The next big one, it’s not a matter of if. We all know it’s a matter of when!

People in government offices, businesses and schools throughout Southern California will stop everything for a minute Thursday to “drop, cover and hold on” during a statewide earthquake preparedness drill, now in its 13th year.

The Great California ShakeOut of 2021 is scheduled for 10:21 a.m. More than 7.5 million Californians are slated to participate in the drill, according to the ShakeOut website.

The objective is to prepare people for a 7.8-magnitude earthquake or larger along the southernmost portion of the San Andreas Fault. The U.S. Geological Survey says there is a 31% chance of a magnitude-7.5 earthquake or higher hitting L.A. in the next couple of decades.

Now, a study by the USGS reports that a major earthquake in California is likely to knock out many communications services for days or weeks, including the vast majority of cellphones in the areas closest to the epicenter.

The widespread disruption would imperil the public’s access to 911 operators and lead to delays in reporting fires and calls for medical help.

Cell towers are vulnerable to sustained power outages. The same goes for cellular equipment on power poles and buildings at risk of extreme shaking, liquefaction and fire, the USGS said.

California’s cellphone networks have been notoriously unreliable during blackouts that occur during life-threatening emergencies, such as during wildfires in 2019, where wide swaths of the San Francisco Bay Area were cut off from cell service for significant periods.

In a grim estimate of the challenges, a magnitude 7 earthquake that struck on the Bay Area’s Hayward fault could leave Alameda County — its likely hardest hit area — able to provide only 7% of the demand for voice and data service after the quake. That is identical to the communications service failure in New York City after the 9/11 attacks in 2001, when 93% of cellphone calls failed.

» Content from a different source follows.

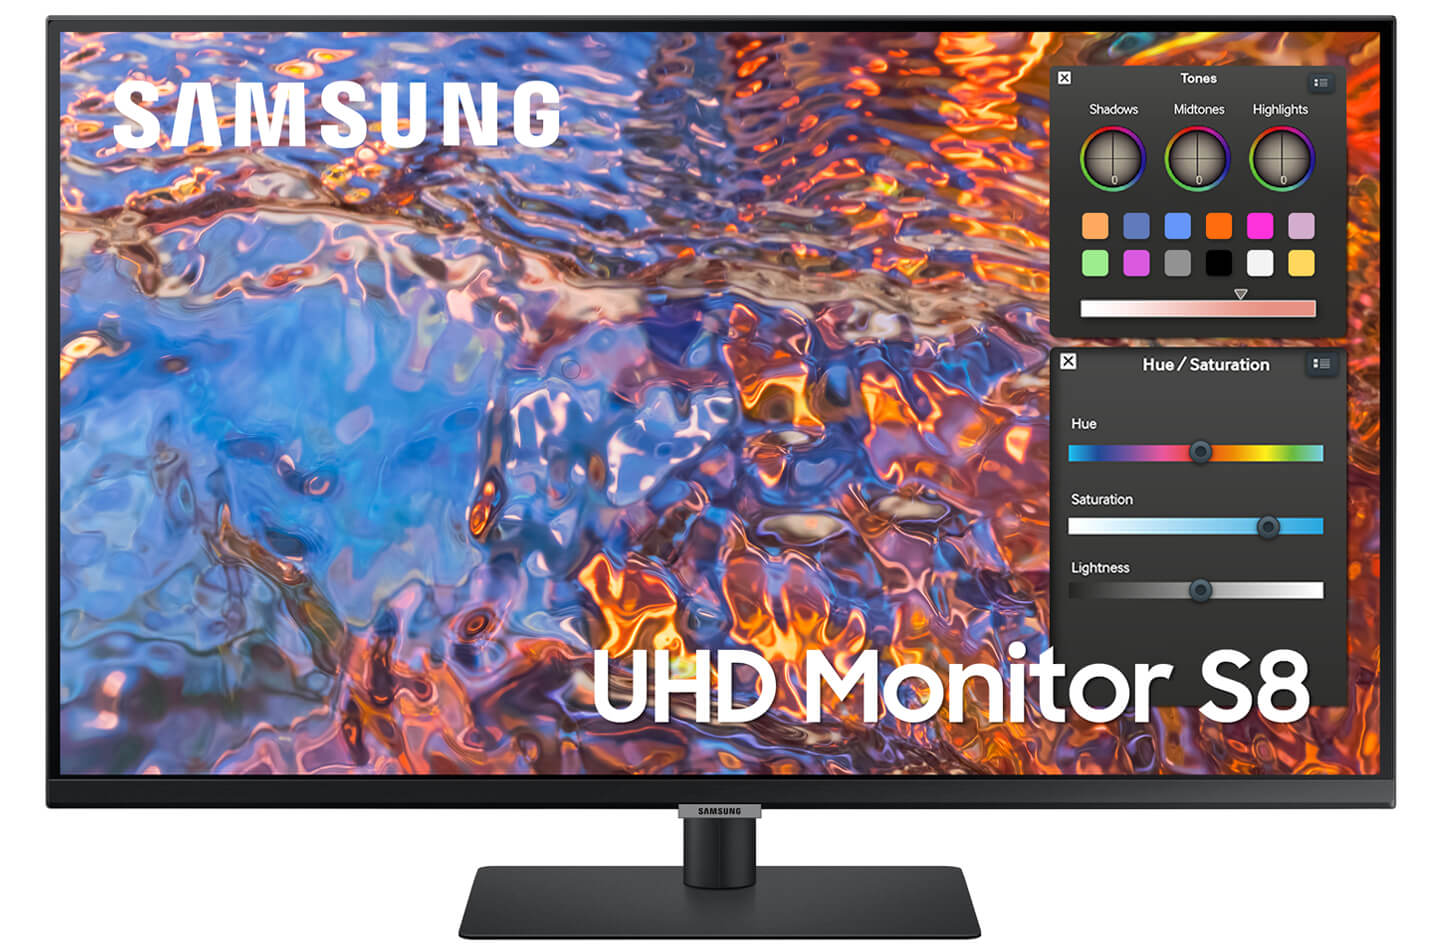 Samsung UHD monitor S8

The findings in the USGS study are one of many vulnerabilities uncovered by the government agency, which will formally present its findings at a news conference at 10:30 a.m. Thursday. Prior to the conference, California will participate in the annual ShakeOut drill, in which people are asked to drop, cover and hold on as they should during a real earthquake.

The report comprises about 780 pages, adding to nearly 600 pages of findings released since 2018 on the so-called HayWired scenario. The report is the third volume in a series of reports researched over six years focused on a future earthquake on the Hayward fault; the final volume was written by 20 main authors and 80 contributors.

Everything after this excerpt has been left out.